- [INSTRUCTIONS TO FOLLOW]: All lines from the one containing "Three women reclining" through the last line of the listing below are to be copied exactly. Exclude the pictures.

- [SUPPLIED INFORMATION]:
* * * * * * *
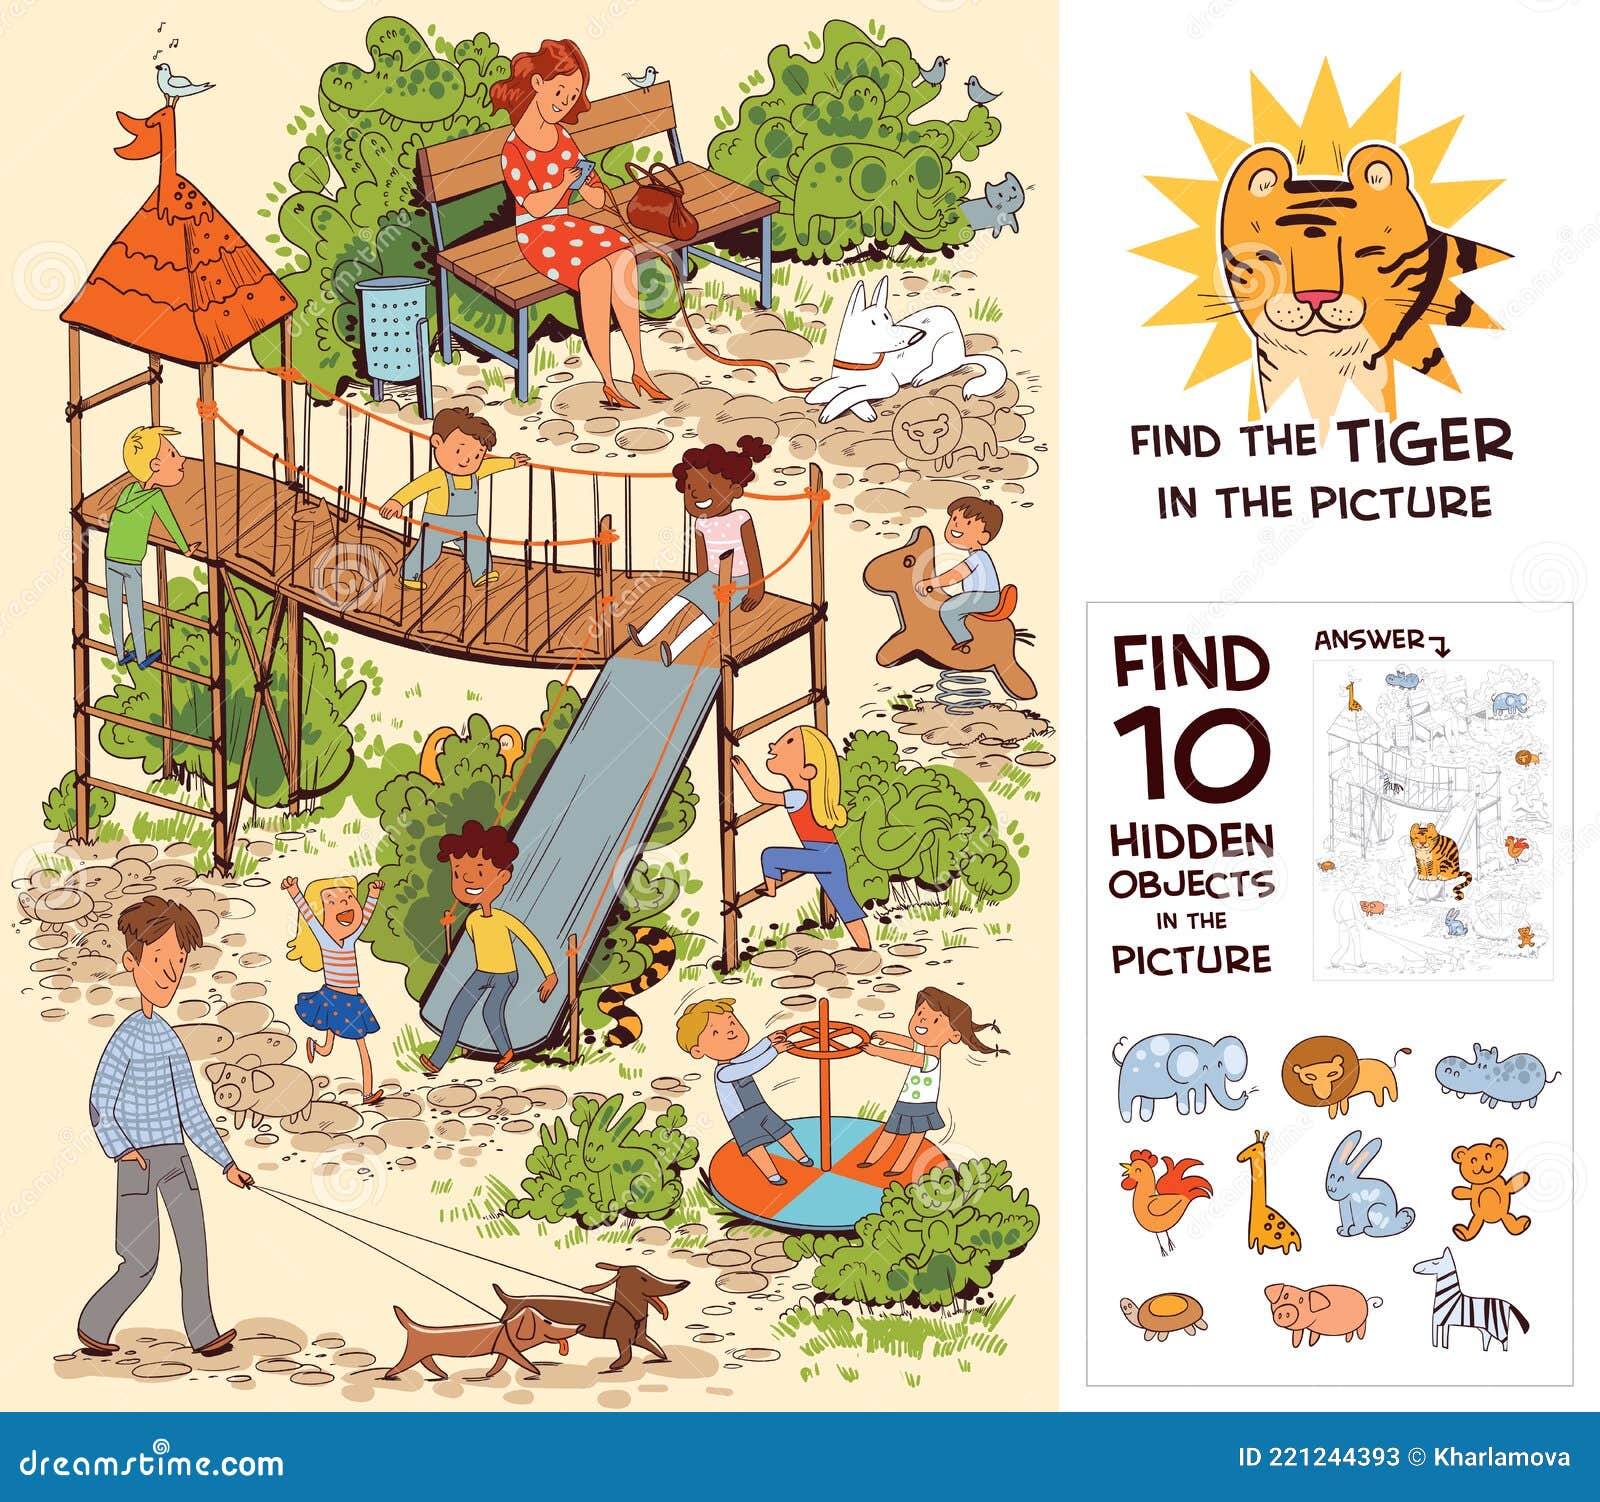 children in the playground. find 10 hidden objects in the picture
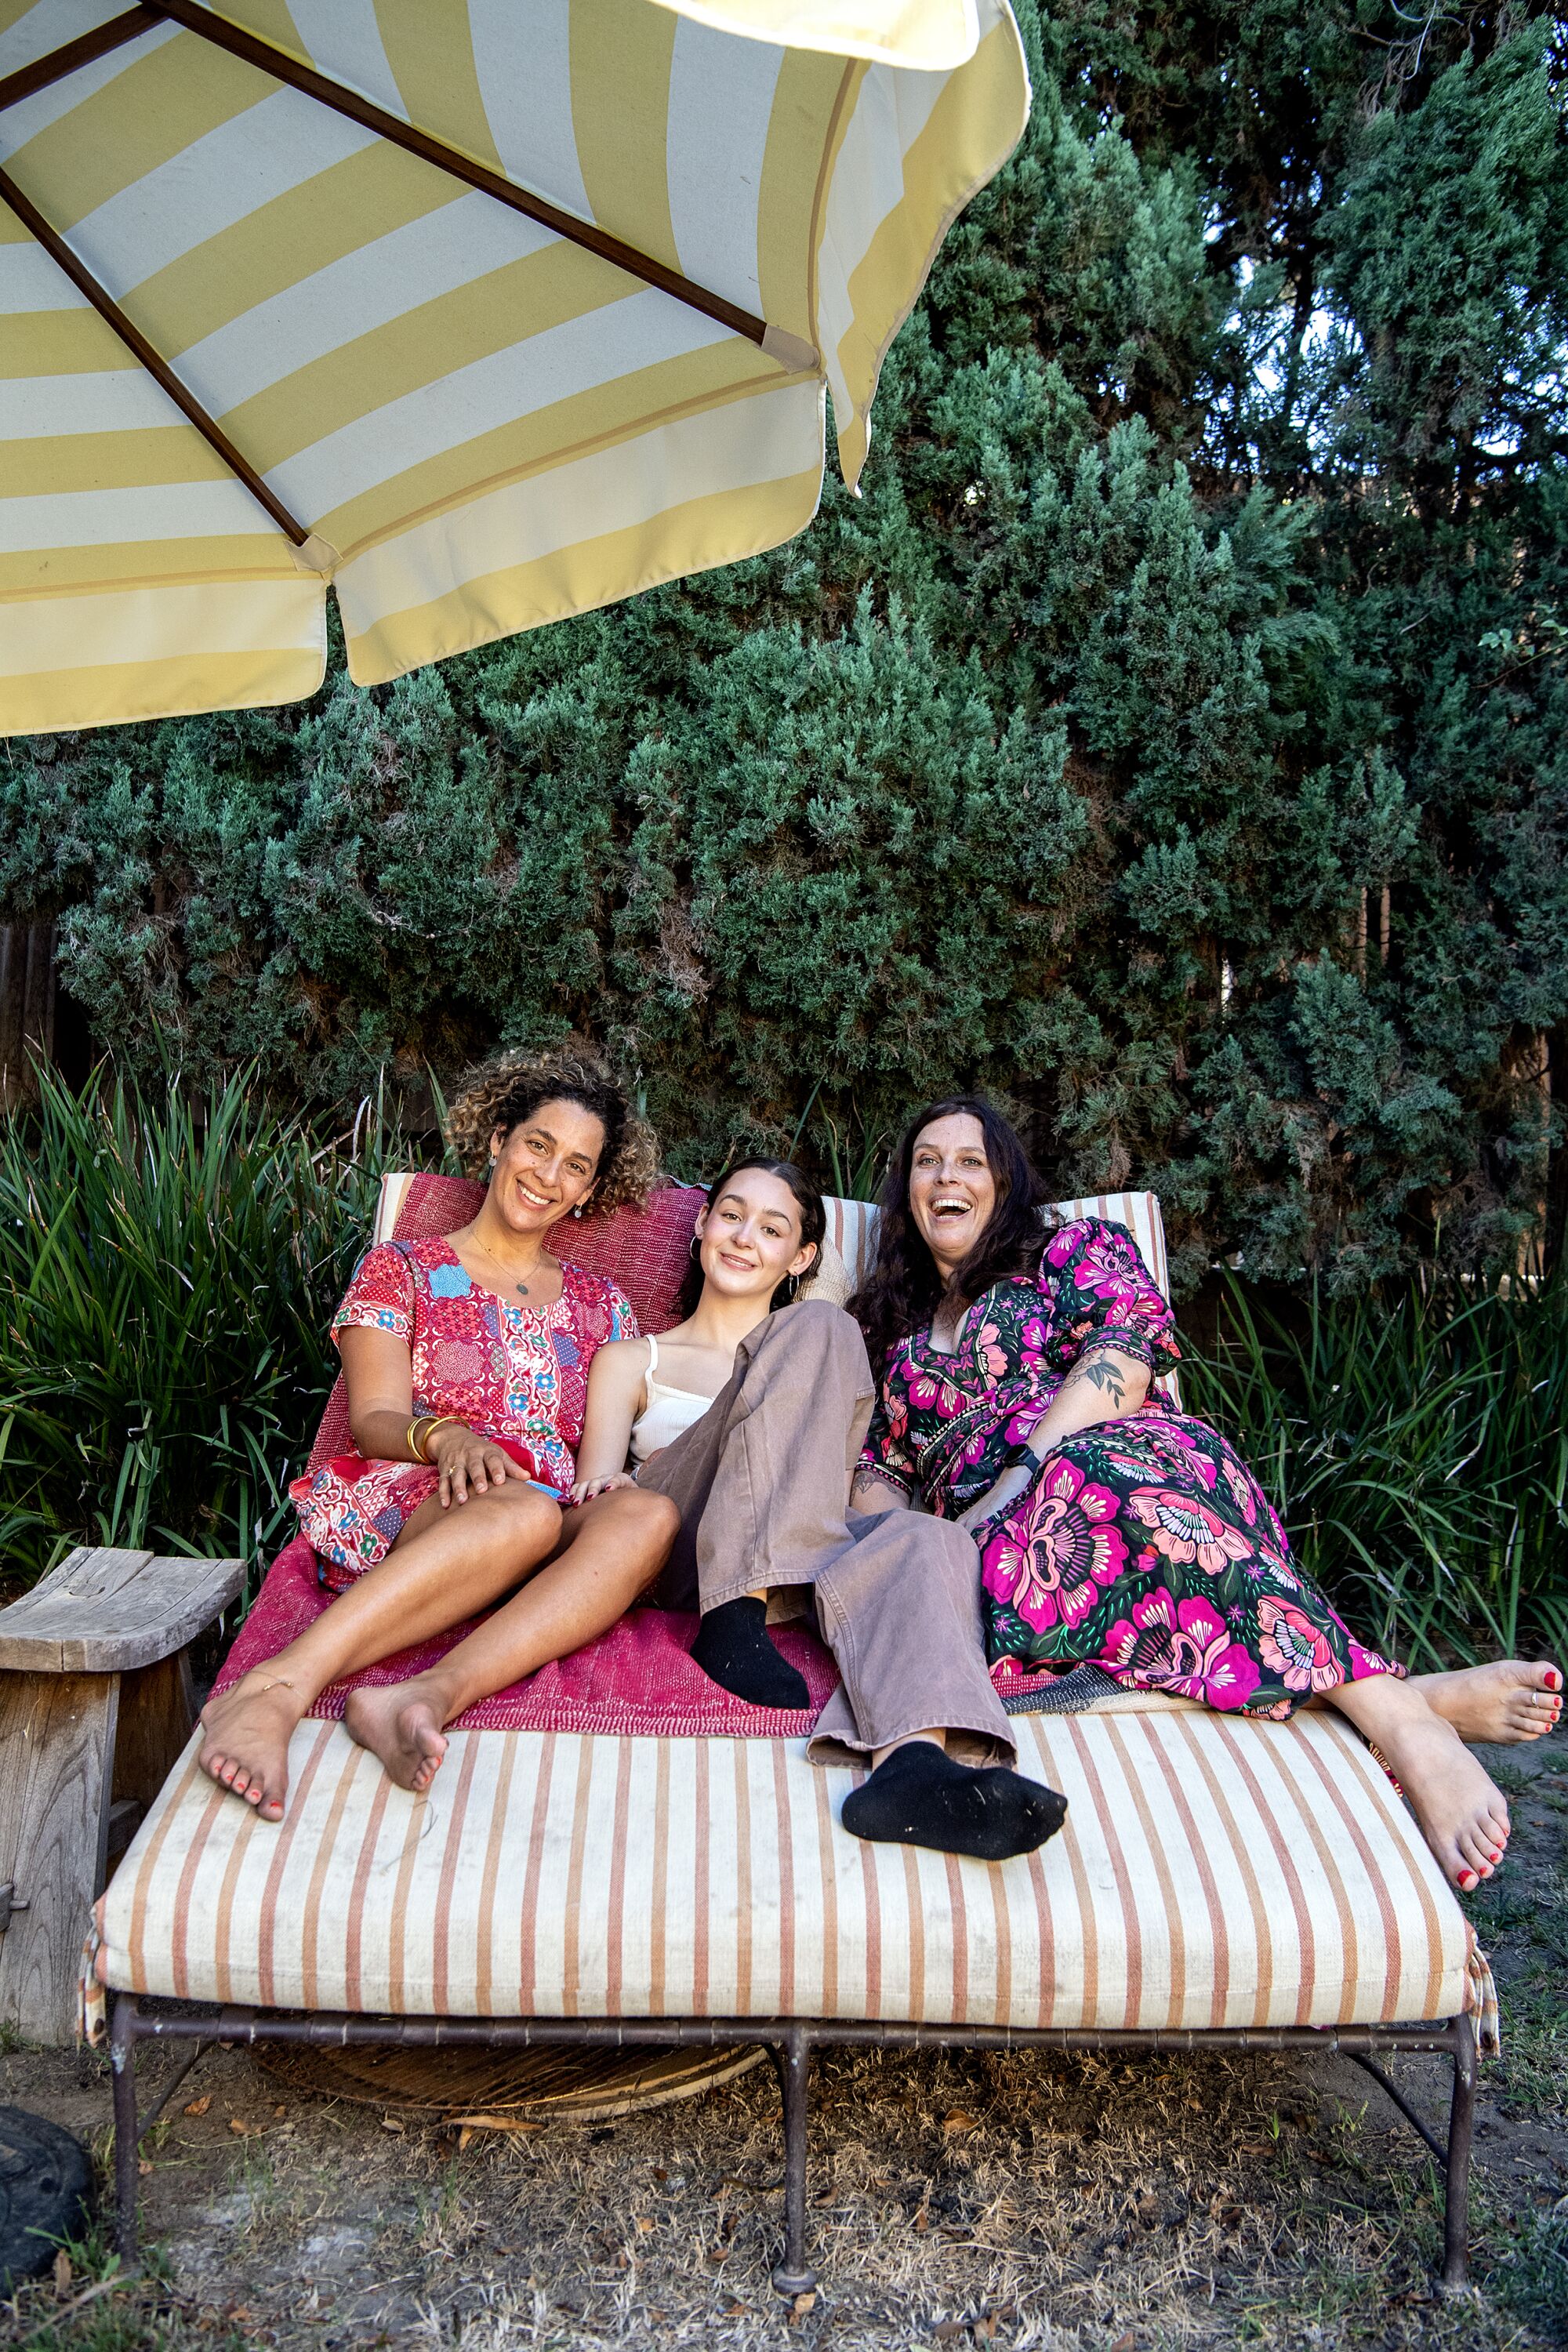 Three women reclining on a lounge chair outside.
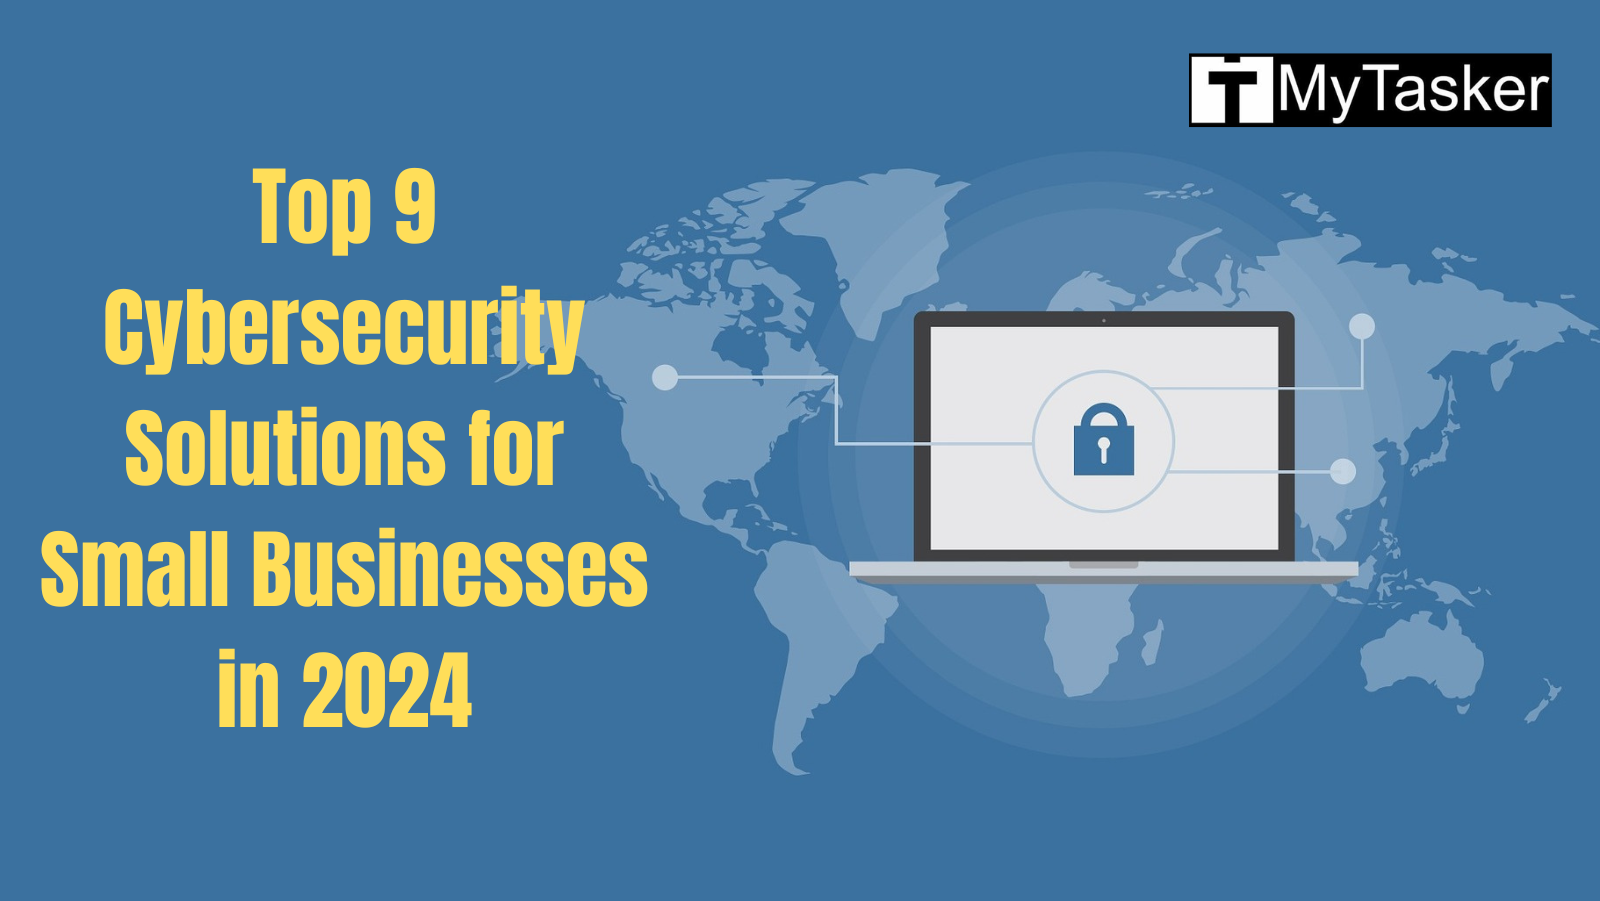 Top 9 Cybersecurity Solutions for Small Businesses in 2024
* * * * * * *
- [WRITTEN ANSWER]:
 Three women reclining on a lounge chair outside.
 Top 9 Cybersecurity Solutions for Small Businesses in 2024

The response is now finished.